Кастрат начал свою арию, захлебываясь голосом – словно к нему неумолимо подступала тошнота. Он держал поводья так, будто лошадь была живая и могла его сбросить. Пришло время и для Прошки-Аницета, скрипка встрепенулась, и вступил неуверенный блеющий альтино:

- So muß sich dein himmlisches Wesen entfernus…(Теперь твоя небесная сущность удаляется…)

- Entfernen, болван! – на спинку пустующего стула меж доктором и инженером легла рука, буквально золотая – от пудры. Яков скосил глаза – на тот самый перстень, с играющим зловеще розоватым камнем. И как же обер-гофмаршал подкрался к ним – столь бесшумно, да еще на таких каблуках?

- Фуй, Коко…- золотой вельможа сморщил нос, и отступил от Якова на шаг назад, - Да ты все еще пахнешь…

Сам он, даже так близко – не пах совсем ничем, разве что пудрой и чуть-чуть – сухим вином.

Аницет со сцены узрел начальство, смутился, замялся и подавился собственным козлетоном. Ла Брюс опустил скрипку и вопросительно воззрился на своего патрона.

- Я к вам – pour un moment, на секунду, пока персоны мои не отстрелялись, - провозгласил по-немецки младший Левенвольд, голосом, поставленным не хуже, чем блеющий альтино Прошки-Аницета, - И суд мой будет кратким. Но справедливым.

Яков смотрел на него – невольно взвешивая в уме золотой его кафтанчик, «клифт», по определению виконта де Тремуя. «По весу – как недурной рыцарский доспех, - оценил Яков, - Как же он таскает на себе подобную тяжесть, и с такой грацией?»

- Можно мне пока что слезать? – спросил со своей гипсовой дуры Ди Маджо и уже заблаговременно перекосился на один бок.

- Сиди, - отрезал обер-гофмаршал, и кастрат прекратил сползать, обреченно выровнялся в седле, - Итак, доктор, инженер, маэстро Ла Брюс – прошу, высказывайтесь. Но только – быстро.

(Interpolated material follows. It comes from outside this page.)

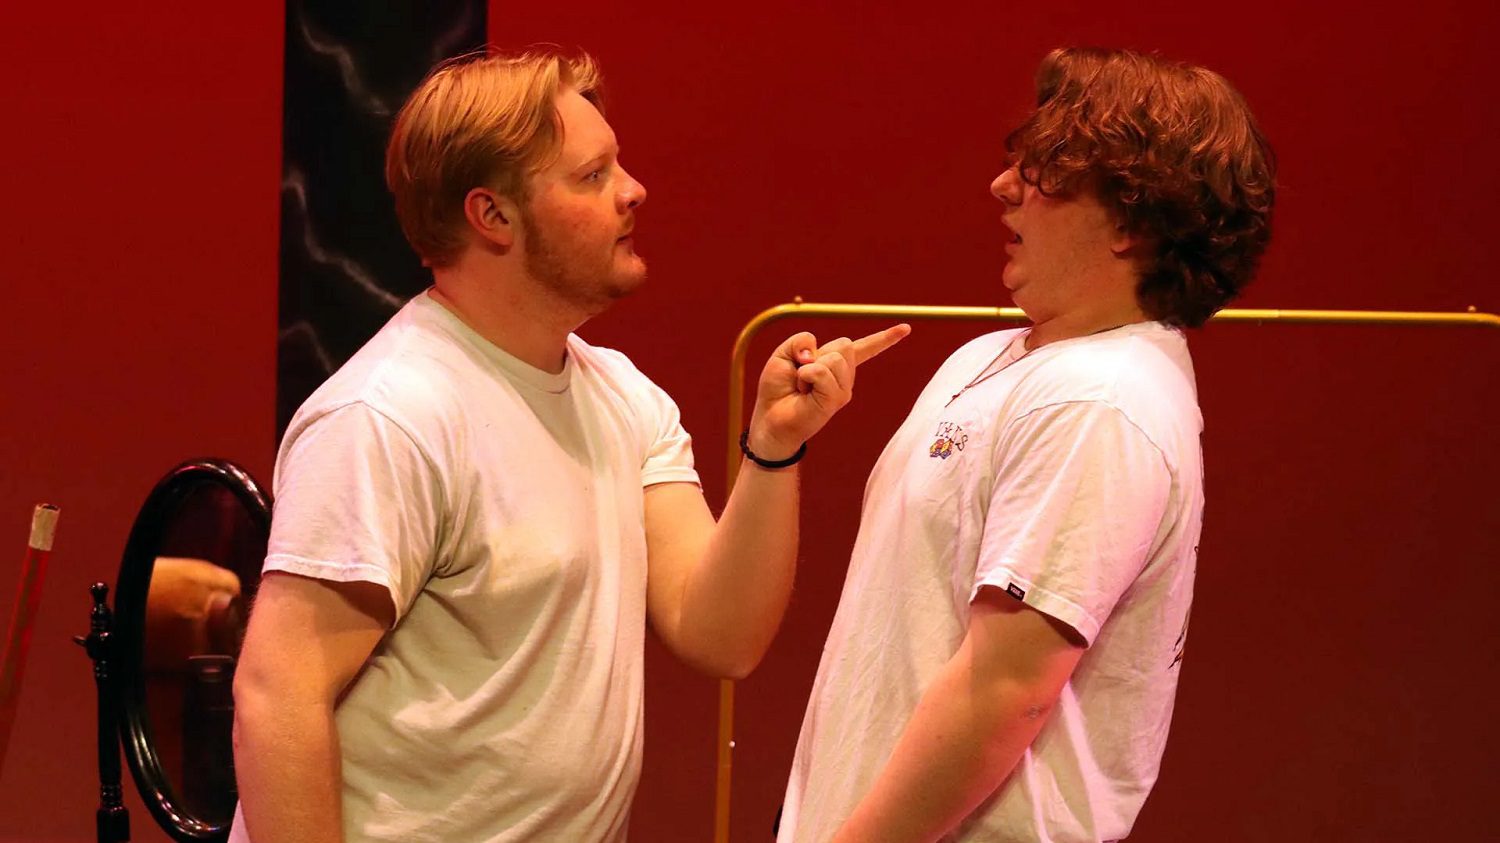 two white male actors perform on stage

Гросс извлек из-за пазухи злосчастную гравюру, развернул:

- Видите ли, ваше сиятельство – при резком спуске статисты рискуют повредить позвоночник. Доктор Ван Геделе готов подтвердить…

Доктор Ван Геделе не успел ни подтвердить, ни даже рта раскрыть – Ла Брюс фурией влетел между ним и гофмаршалом, и страстно затараторил:

- «Триумф Вакха и Ариадны» ставился в Версале дважды, и никто, никто не умер! Мой папа присутствовал на обоих представлениях, и я могу поклясться…

- Художник ошибся, - вставил-таки словечко Ван Геделе, - Неправильно зарисовал.

Обер-гофмаршал уселся на стул, закинул ногу на ногу и задумался. Остальные почтительно стояли перед ним полукругом – Ла Брюс со скрипкой, Гросс с гравюрой, Яков и Прошка – с пустыми руками, и только в отдалении Ди Маджо с дурацким видом заседал на гипсовом коне.

- Ваше сиятельство сами настаивали, чтобы было – в точности, как в Версале, - напомнил Ла Брюс со сдержанным нажимом.

- Попробуем поступить – подобно царю Соломону, - оживленно проговорил Левенвольд, хлопнул в ладоши – так весело, что пудра взлетела над его завитыми белокурыми волосами. И пудра была у него – золотая, и брови, и ресницы, и даже скулы, - Мы не станем рубить статиста надвое. Но мы его – экспериментально подвесим. Не помрет один – не помрет никто.

- А помрет один? – предположил непосредственный Гросс.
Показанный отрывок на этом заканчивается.